# Octaves, Zouks, Citterns, Tenors and Electrics > Tenor Guitars >  How much will it sell for?

## fox

Looks fantastic, worth watching.. https://www.ebay.co.uk/itm/373091758...torefresh=true

----------


## MoreThanQuinn

Looks fantastic. I have been wanting a hollow body electric tenor for a while now. I keep coming back to this too: https://www.mandolincafe.com/ads/153329#153329

They're quite similar.

----------

fox

----------


## Charles E.

That's a lot better price then this one....

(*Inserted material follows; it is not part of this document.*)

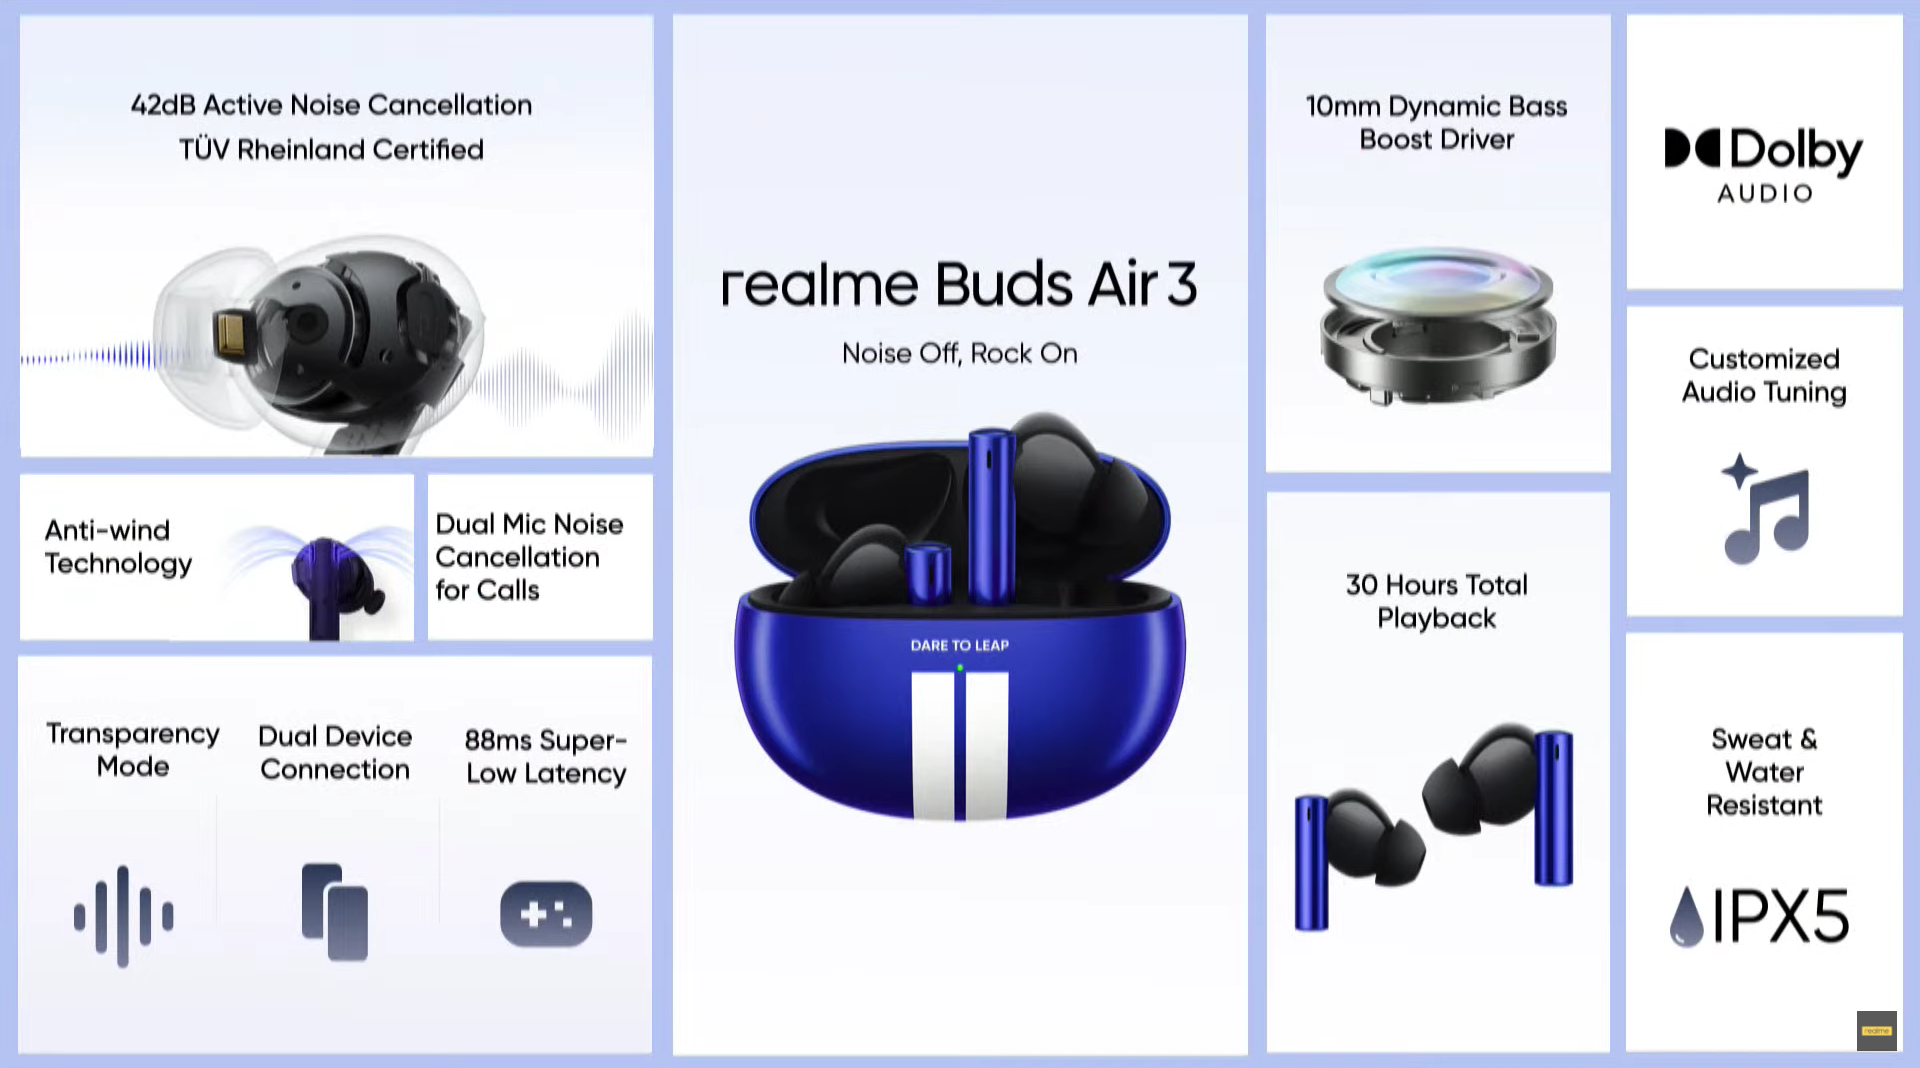 Realme Buds Air 5 Review: Hits the right notes, realme buds air 5 pro

https://www.ebay.com/itm/1957-Gibson...EAAOSw87xe2HA~

 :Disbelief:

----------


## Charles E.

The one Fox listed is unusual in that it has two pickups and a toggle switch, I don't think I have seen that before.

----------

fox

----------


## fox

I thought it might of gone for a little more but a good price nevertheless.

----------


## Balanced Action

I bid on this one, and won it, seller is emailing me outside of eBay and requesting wire transfer to Amsterdam, most likely a scam. Shame as I was looking forward to it.

----------


## Cornfield

> I bid on this one, and won it, seller is emailing me outside of eBay and requesting wire transfer to Amsterdam, most likely a scam. Shame as I was looking forward to it.


Report it to EBay

----------


## fox

Wow what a shame, hopefully you can find out what is going on ... I guess he wants to avoid the PayPal and eBay charges?

----------


## Balanced Action

i dont know what the deal is but he is refusing to go through the proper channels, if he reposts it id be wary. 

the fake ebay email was pretty convincing, but the address "checkout@ebayfunding.co.uk" was a major red flag. 

I reported the seller to eBay, supposedly they'll take care of it. Id like to know if that actual Gibson is available from the person who really owns it or did they just use a random picture of one. Its a configuration that Ive never seen before and that case looks amazing. I was fully prepared to pay much more than what it ended up selling for.

----------

fox

----------


## Lord of the Badgers

Ah that's nasty  :Frown:  so sorry to hear that

My online mate Matt did have one of these exact versions (but he thought it was a TG50) & it went for 3k. I couldn't do it at the time. If you youtube his surname Barwick you should see him playing it. 

I finally got a normal single pickup 57 just this weekend.

There is one in Rennes in France at the mo - single pickup one

----------


## Lord of the Badgers

just read the feedback on that seller- saw your comment. all the others are dodgy  :Frown:

----------